RAL Tier1 weekly operations castor 01/07/2013

From GridPP Wiki
Jump to: navigation, search

Operations News

  • CASTOR 2.1.13-9 NS upgrade scheduled for Wednesday 2013/07/03.
  • All Puppet clients now upgraded to 2.7.22.

Operations Problems

  • Callout on Thursday evening - high CPU usage by diskmanagerd on gdss611. This was resolved as not being a CASTOR issue, the actual cause appeared to be a load spike coupled with a lack of irqbalance on some disk servers.
  • Callout early on Friday morning - stagerd started to cause swapping on the ATLAS stager.
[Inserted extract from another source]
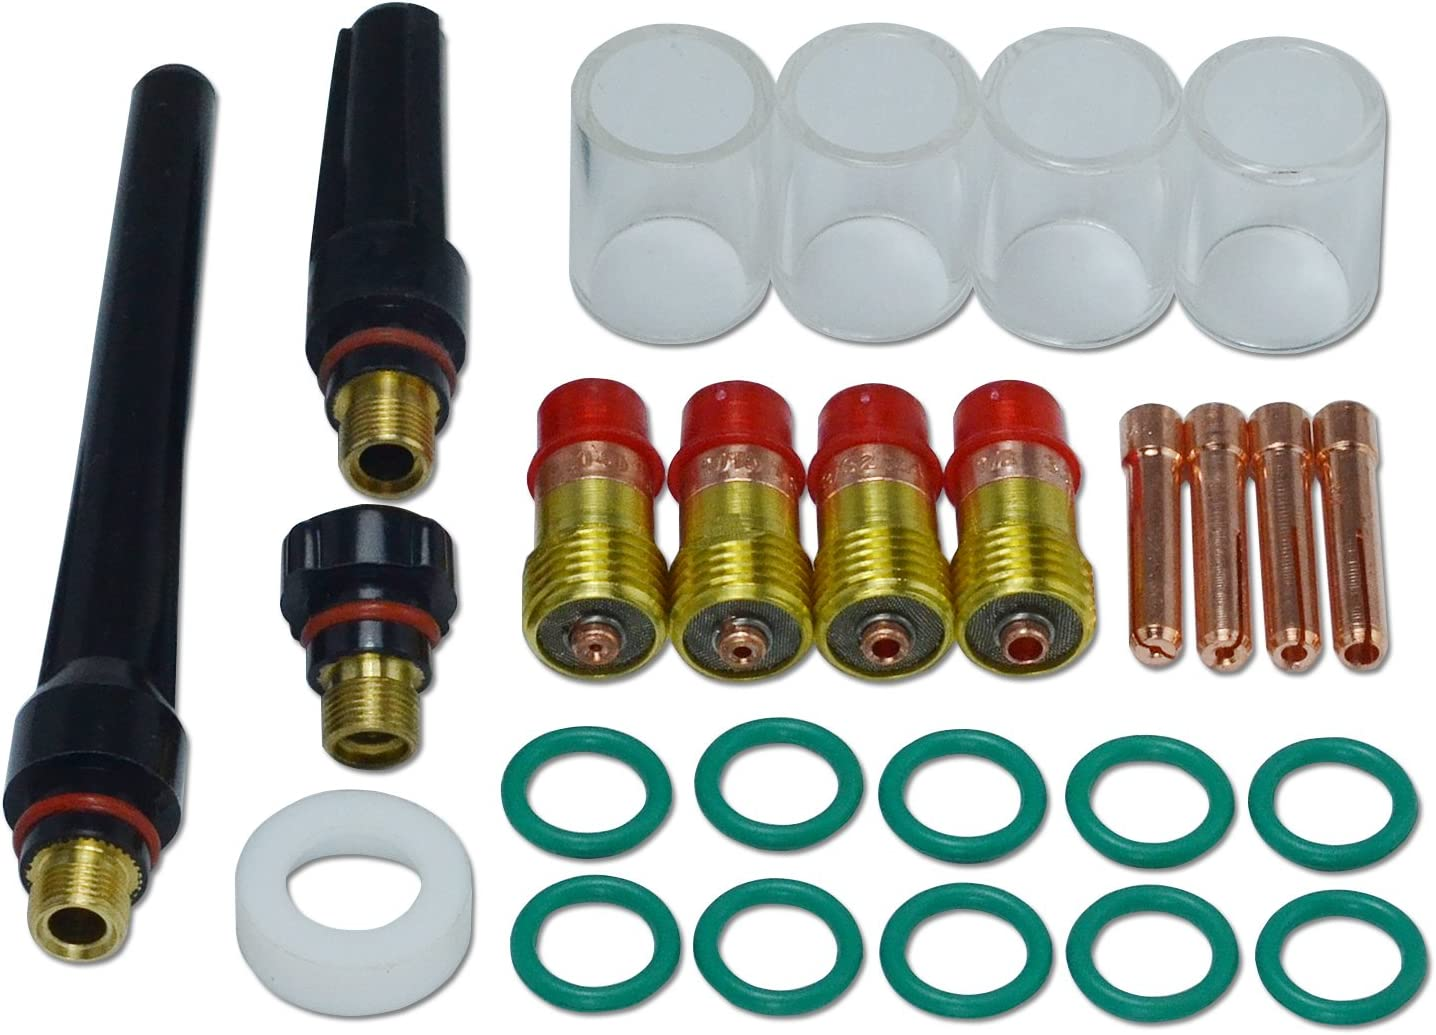 "Pyrex Cup #10 (5/8"" & 16mm) TIG Stubby Gas Lens 17GL040 10N22S (0.040"") 17GL116 10N23S (1/16"") 17GL332 10N24S (3/32"") 17GL18 10N25S (1/8"") for DB SR WP 17 18 26 TIG Welding Torch 26pcs"

Restarting the daemon solved the immediate issue, but the cause is undetermined and needs further investigation.

Blocking Issues

  • none

Planned, Scheduled and Cancelled Interventions

Entries in/planned to go to GOCDB

2.1.13-9-2 name server upgrade on Wednesday.

Advanced Planning

Tasks

  • None

Interventions

  • Upgrade central services (NS,CUPV,VDQM) from 2.1.11-9 to 2.1.13-9
  • Upgrade stagers from 2.1.12 to 2.1.13

Staffing

  • Castor on Call person
    • Matt
  • Staff absence/out of the office:
    • None